◆ Exercise aim ◆
Repeat exactly the lines that begin at the one containing "Vaccine-safety-05-1" and end at the final line of the records; include no pictures and nothing else.

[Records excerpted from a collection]
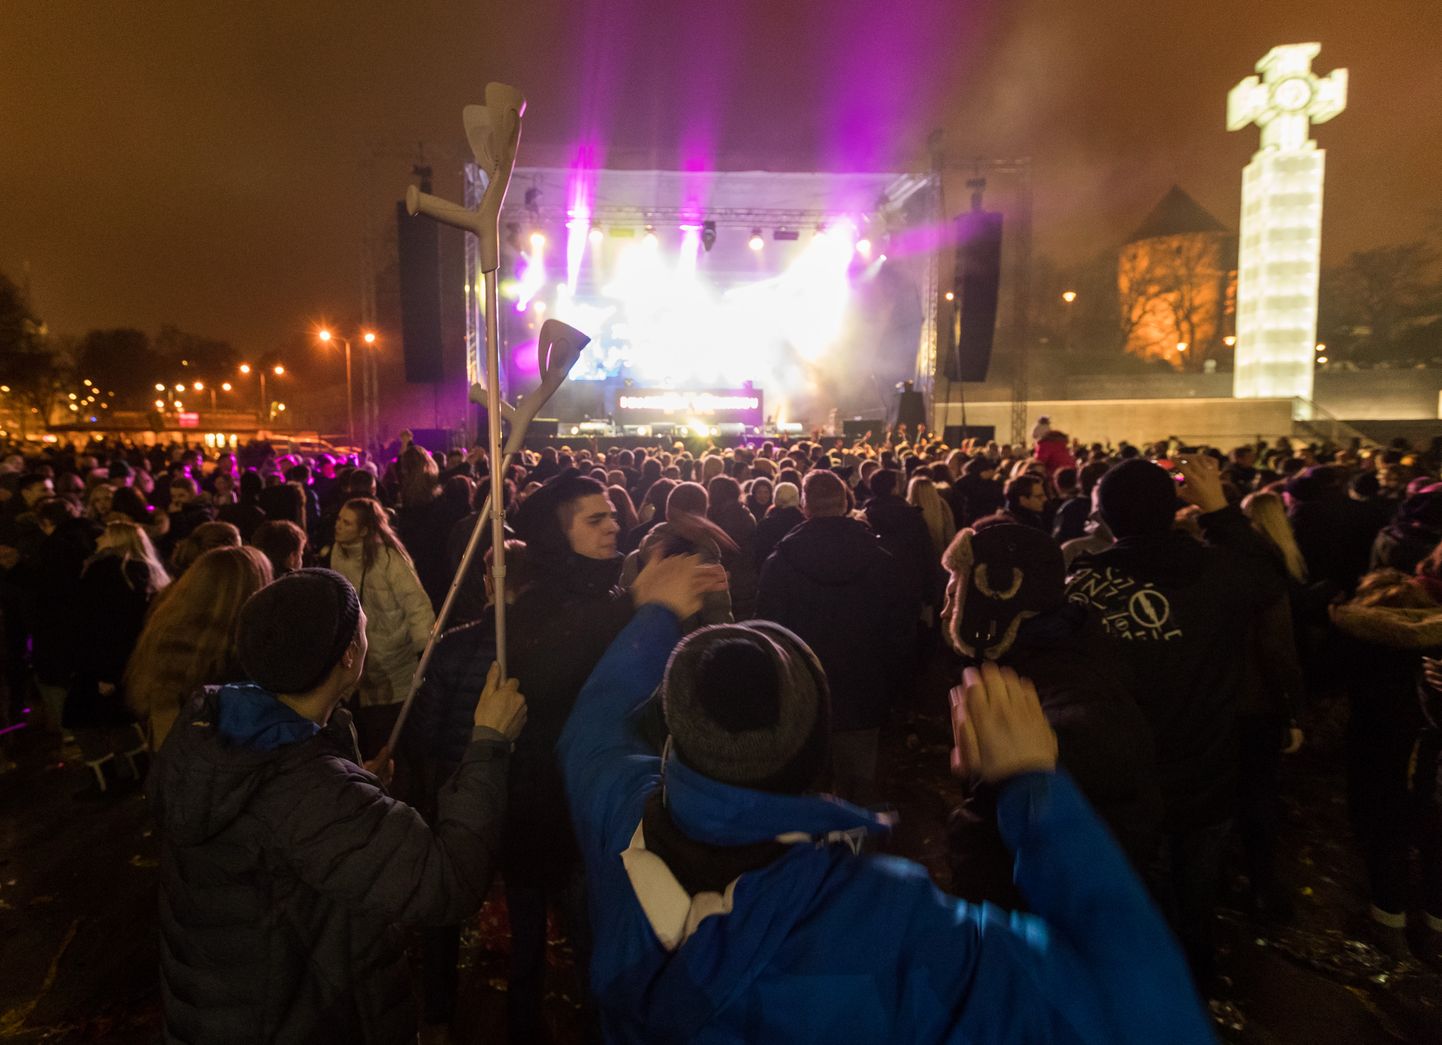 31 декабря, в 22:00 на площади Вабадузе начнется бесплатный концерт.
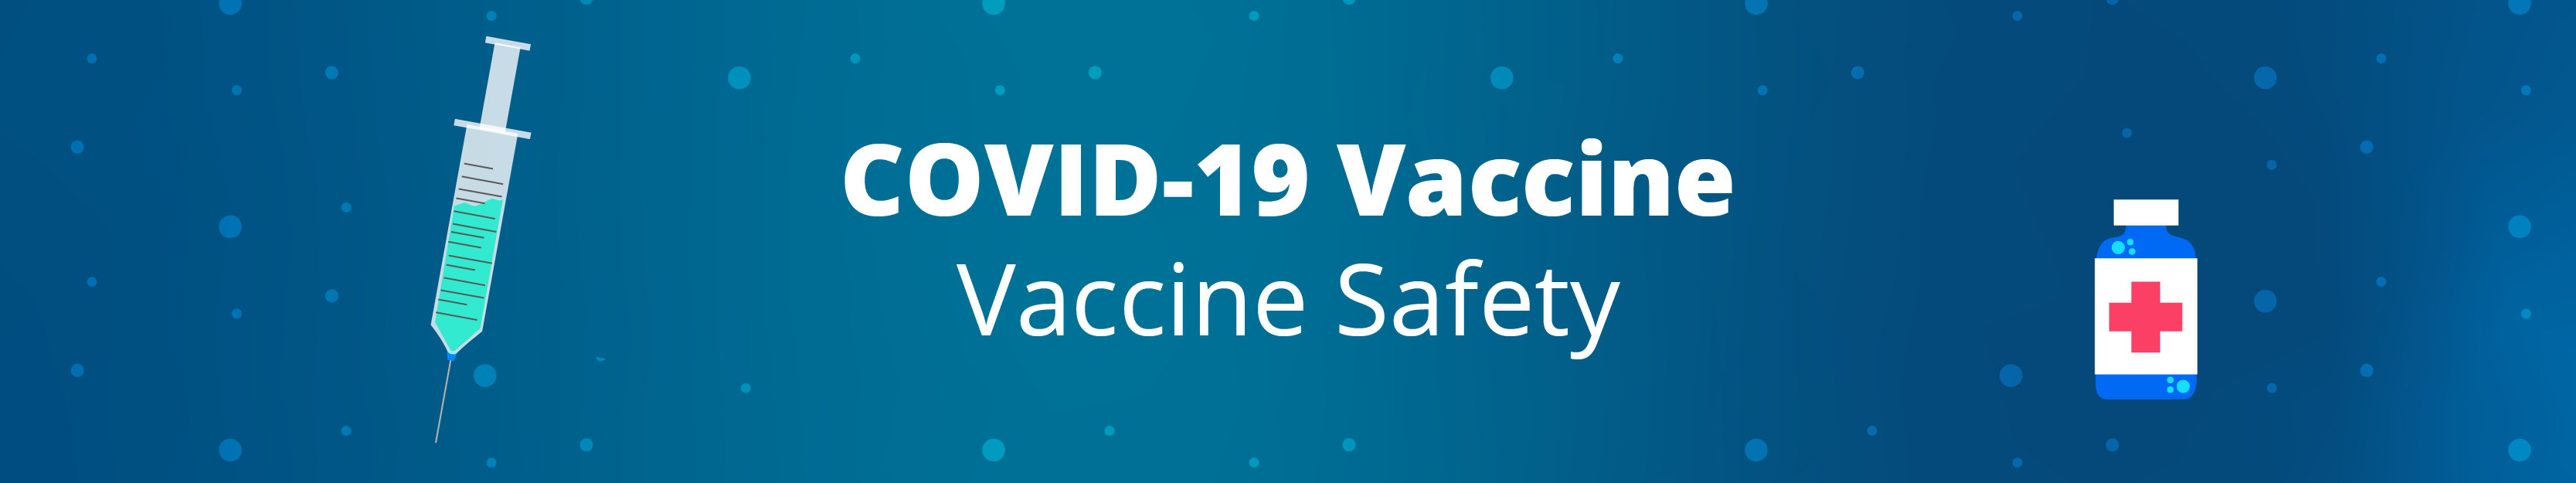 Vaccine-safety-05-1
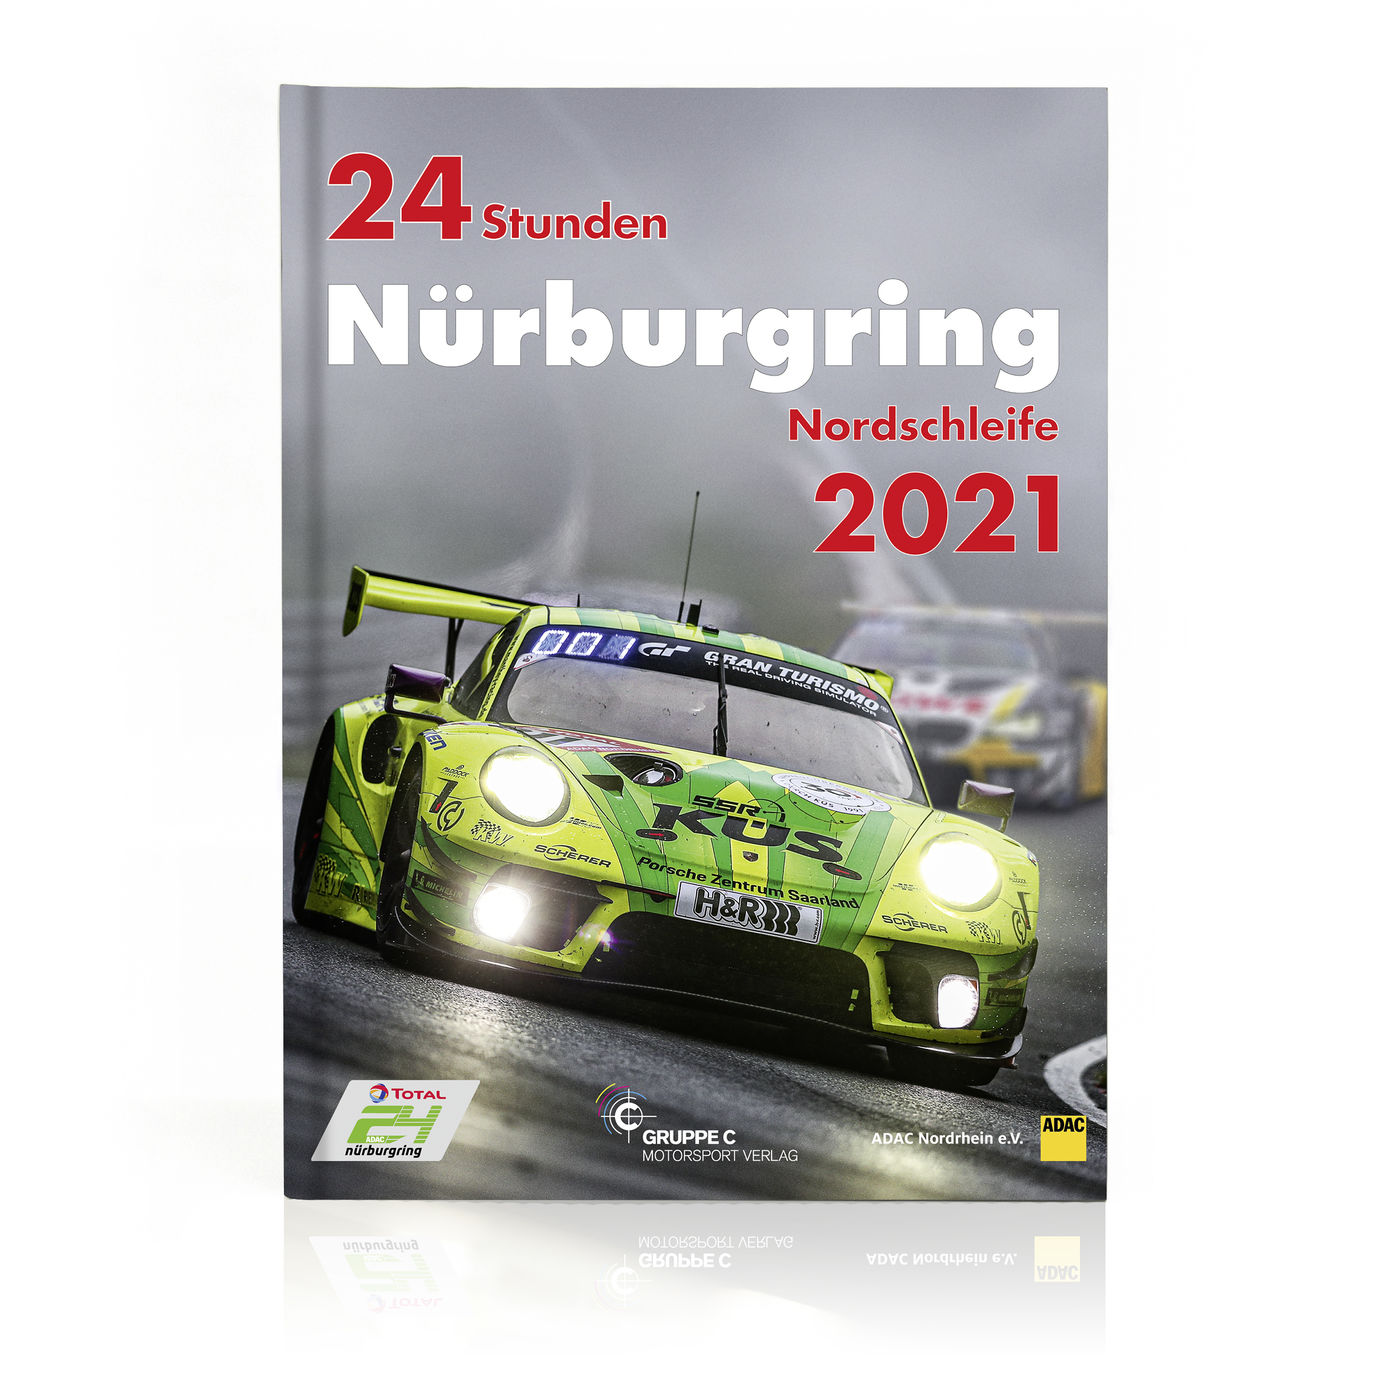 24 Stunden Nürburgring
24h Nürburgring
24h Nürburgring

◆ Response box ◆
 Vaccine-safety-05-1
 24 Stunden Nürburgring
24h Nürburgring
24h Nürburgring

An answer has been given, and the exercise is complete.